Em síntese, as instituições de ensino superior (IES) exercem sobre o meio envolvente inúmeros efeitos, quer no lado da procura (por exemplo, por via dos rendimentos associados à sua atividade) quer no lado da oferta (por exemplo, ao nível do conhecimento associado aos seus graduados e às atividades de investigação realizadas), os quais interagem entre si. Este conjunto de efeitos é de crucial importância para regiões económica e demograficamente deprimidas, sendo certo que, mesmo no caso de regiões economicamente mais favorecidas, não é despiciente. Além disso, dado o caráter cíclico do funcionamento das economias, a presença de IES nos territórios pode constituir-se como um fator de atenuação dos efeitos de decréscimo da atividade económica. Contudo, os efeitos territoriais das IES não dependem exclusivamente delas próprias nem do aumento de procura associado aos rendimentos distribuídos e às aquisições realizadas. A capacidade de interação com os restantes agentes económicos, sociais ou culturais, públicos e privados, presentes no território, determina em grande parte o conjunto dos efeitos obtidos, analisados pelo lado da oferta. De facto, os efeitos das IES decorrentes do exercício das suas funções – ensino, investigação e extensão – são tanto mais significativos quanto mais o território apropriar os ‘outputs’ das IES. Assim, i) as IES contribuirão tanto mais para melhorar/aumentar a qualificação da população de um território quanto mais diplomados ficarem retidos/empregados nessa região; ii) o papel das IES na transferência de know-how, inovação e tecnologia para as empresas e para as instituições será tanto maior quanto mais estas entidades interagirem com as IES. Se o conhecimento avançado produzido nas IES não for relevante para as empresas e se as IES não souberem quais são as necessidades das empresas, dificilmente haverá transferência de conhecimento.
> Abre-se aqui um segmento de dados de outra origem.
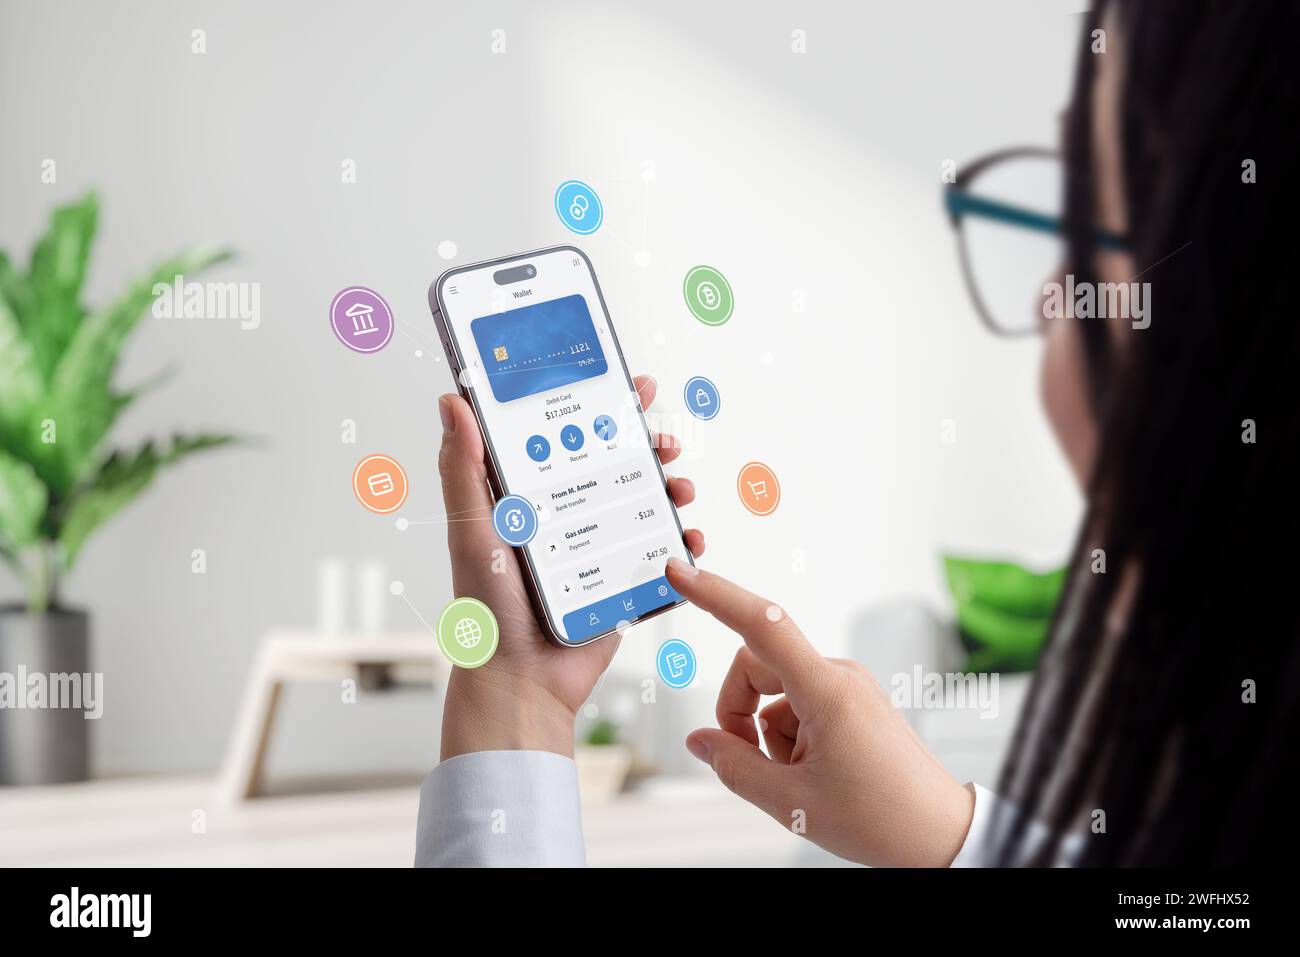 Frau hält ein Smartphone mit einer Fintech-App, umgeben von Konzeptballons mit Fintech-Service-Ikonen. Dynamische Grafik verkörpert moderne Finanzprodukte Stockfoto

As instituições de ensino superior, enquanto geradoras do número de indivíduos com formação superior, que se empregam nas diversas regiões do país, têm desempenhado, obviamente, um papel crucial, nas diversas regiões, no desenvolvimento do mercado de trabalho em geral, e, em particular, no mercado de trabalho do seu principal output, ou seja dos quadros superiores em geral e, em particular, no mercado de trabalho de indivíduos com formação superior.

 

Algumas características da rede de ensino superior em Portugal

O sistema de ensino superior em Portugal é complexo e organiza-se, genericamente, em torno de instituições públicas e privadas, de tipo universitário e politécnico, que se localizam ao longo de todo o país. A oferta de ensino superior em Portugal faz-se em cerca de cento e vinte e oito instituições, maioritariamente privadas sendo os estabelecimentos de ensino politécnico mais numerosos que os universitários (gráfico 1).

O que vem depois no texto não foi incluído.